Stochastic domination and sum of random variables I'm dealing with a statement that seems trivial but I couldn't prove it rigorously.
Suppose that I have two i.i.d. random variables $X_1$ and $X_2$ and another couple of i.i.d. variables $Y_1$ and $Y_2$ ($X$ and $Y$ are independent on each other and do not need to have the same law).

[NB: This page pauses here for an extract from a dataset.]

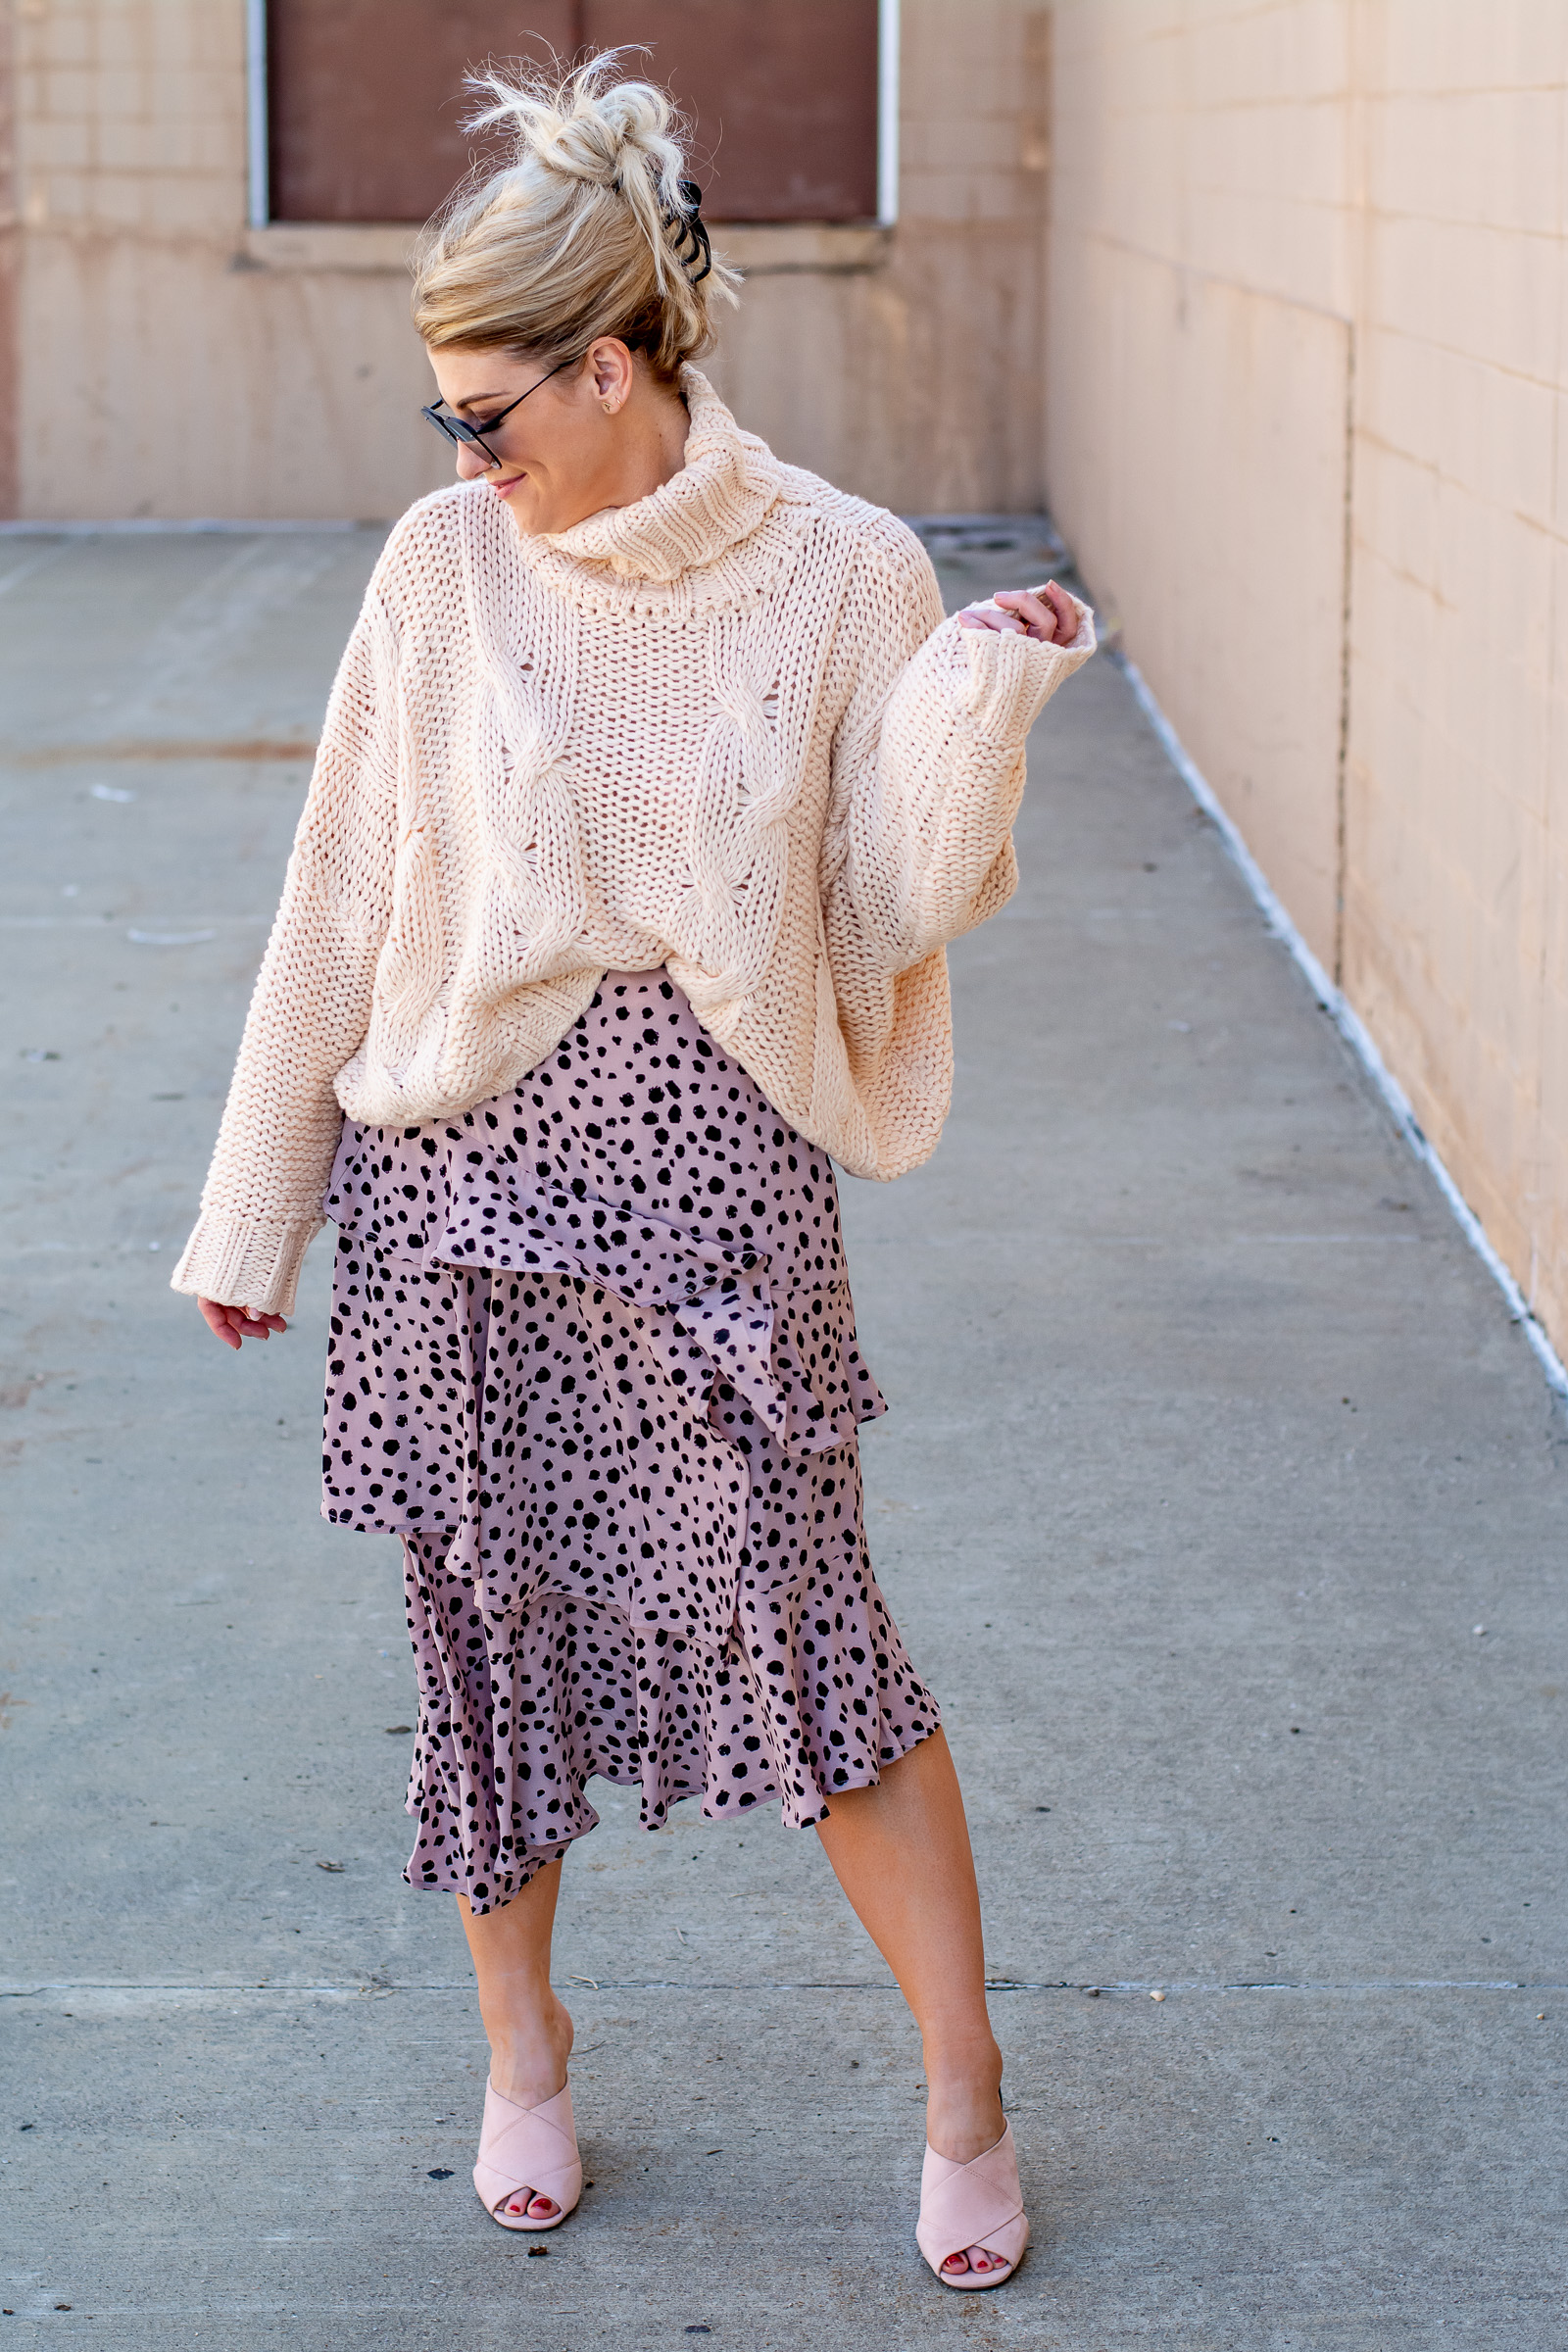 Fall Outfit: Sweater and a Ruffled Skirt. | LSR

Suppose that $X$ dominates $Y$ in the sense that 
$$\mathbb{P}(X \ge t) \ge \mathbb{P}(Y \ge t), \quad \forall \: t \in \mathbb{R}  $$
How can I show that 
$$\mathbb{P}(X_1+X_2 \ge t) \ge \mathbb{P}(Y_1+Y_2 \ge t), \quad \forall \: t \in \mathbb{R}  $$
This seems pretty intuitive to me but I didn't get far.
 A: $$\begin{align}
P(X_1+X_2\geq t)&= E(1_{X_1+X_2\geq t})\\
&= \int 1_{x_1+x_2\geq t} dP_{(X_1,X_2)}(x_1,x_2) \tag{1}\\
&= \int \int 1_{x_1+x_2\geq t} dP_{X_1}(x_1) dP_{X_2}(x_2)\tag{2}\\
&= \int \left(\int 1_{x_1\geq t-x_2} dP_{X_1}(x_1)\right) dP_{X_2}(x_2)\\
&\geq \int \left(\int 1_{y_1\geq t-x_2} dP_{Y_1}(y_1)\right) dP_{X_2}(x_2)\tag{3}\\
&= \int \left(\int 1_{x_2\geq t-y_1} dP_{X_2}(x_2)\right) dP_{Y_1}(y_1)\\
&\geq \int \left(\int 1_{y_2\geq t-y_1} dP_{Y_2}(y_2)\right) dP_{Y_1}(y_1)\tag{4}\\
&= \int \int 1_{y_1+y_2\geq t} dP_{Y_1}(y_1) dP_{Y_2}(y_2)\\
&= P(Y_1+Y_2\geq t)
\end{align}$$
$(1)$: Law of the unconscious statistician
$(2)$: Independence of $X_1$ and $X_2$
$(3)$: $X_1$ dominates $Y_1$ hence for fixed $x_2$, $P(X_1\geq t-x_2)\geq P(Y_1\geq t-x_2)$
$(4)$: $X_2$ dominates $Y_2$
Note that the independence of $(X_1,X_2)$ with $(Y_1,Y_2)$ is not needed.
A: A coupling based argument:
Since $X_1$ dominates $Y_1$ and $X_2$ dominates $Y_2$ we know there are couplings $(X_1', Y_1')$ and $(X_2', Y_2')$ such that $X_1'\ge Y_1'$ and $X_2'\ge Y_2'$ almost surely.
That implies $X_1'+X_2' \le Y_1'+Y_2'$ which means $X_1+X_2$ dominates $Y_1+Y_2$.